Edward Shellim (c. 1869 – 7 December 1928) was an English Jewish businessman in Hong Kong.

Biography
Born in Sussex, England to Ezekiel Shellim and Rebecca Sassoon, daughter of David Sassoon, he joined his grandfather's firm David Sassoon & Co., one of the oldest trading houses in Hong Kong, and was the manager of the Hong Kong branch of the firm. He was also chairman of the Hongkong and Shanghai Banking Corporation in 1908 and 1912 and served as director of the bank for many years, director of the Hong Kong Tramways, the Hong Kong Land Investment & Agency Co., the Hong Kong Land Reclamation Co., the Central Estates, the Hong Kong & Kowloon Wharf & Godown Co. and member of the consulting committee of the China Sugar Refining Co., the Hong Kong Fire Insurance Co. and the Canton Insurance Office.

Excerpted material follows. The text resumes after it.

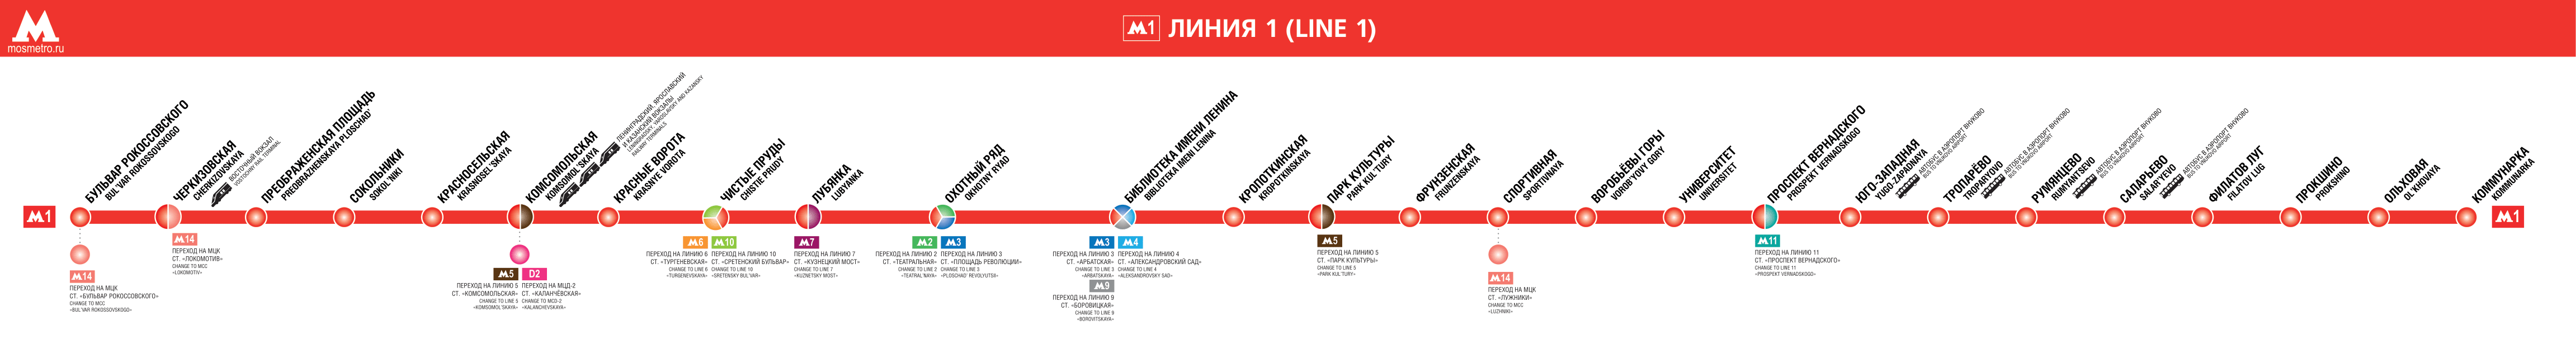 莫斯科 — Metro — Maps of Individual Lines; 莫斯科 — Metro — [1] Sokolnicheskaya Line
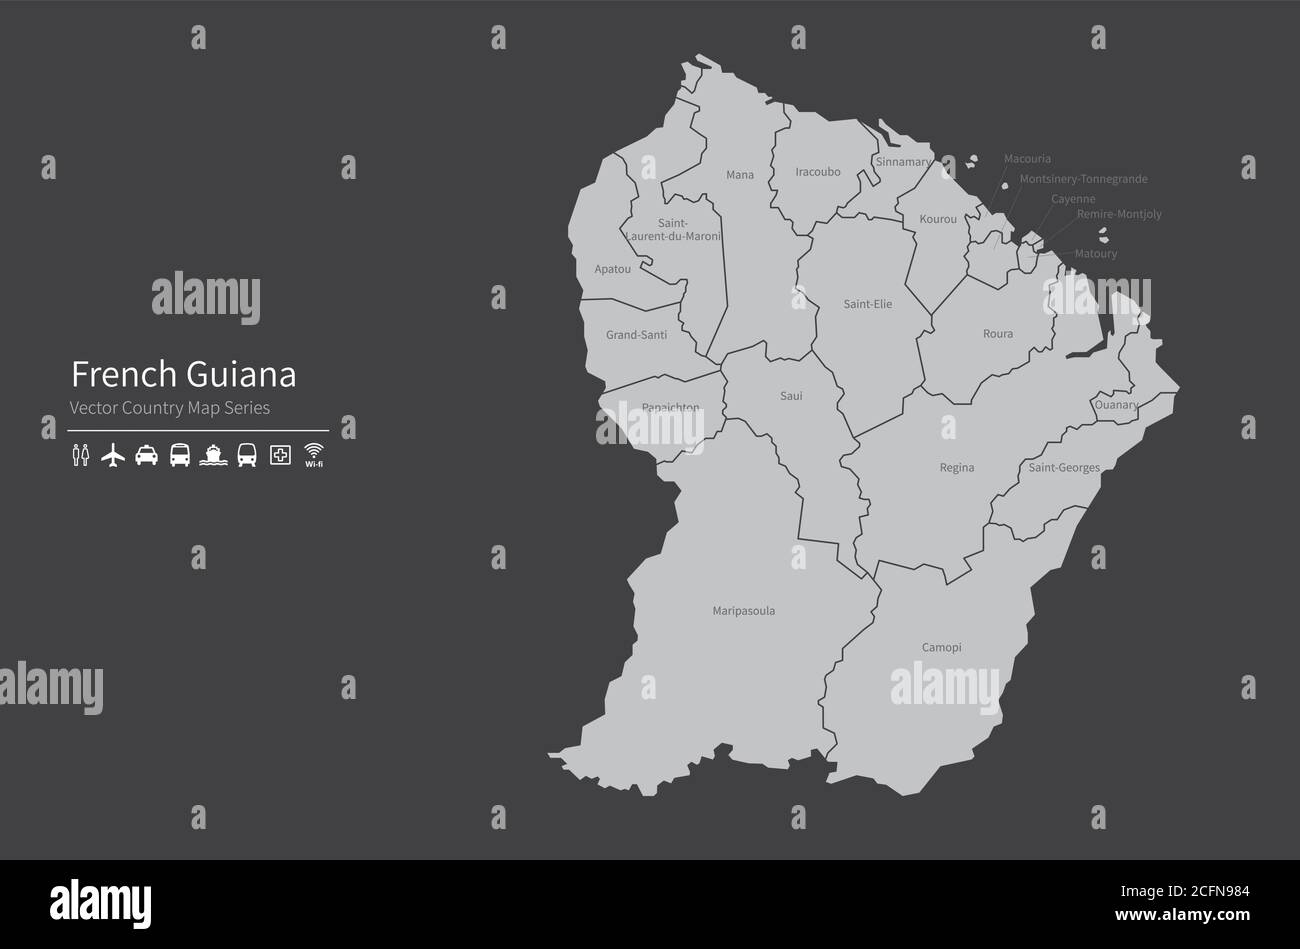 Carte de la Guyane française. Carte nationale du monde. Série de cartes de pays de couleur grise. Illustration de Vecteur

He was member of the Shanghai Municipal Council in 1898 and member of the Shanghai Chamber of Commerce. During his residence in Hong Kong, he was made Justice of Peace and appointed an unofficial member of the Legislative Council of Hong Kong from 1913 to 1918. He was also elected member of the Licensing Board. He served on the committee of the Hong Kong General Chamber of Commerce and the Sailors' Home and was the chairman of the financial committee of the Alice Memorial Hospital, president of the Ohel Leah Synagogue and member of the Court of the University of Hong Kong.

Shellim retired in 1918 from the manager of the David Sassoon & Co. and succeeded by A. H. Compton. He lived in Shanghai for a short period of time after retirement and then settled in England.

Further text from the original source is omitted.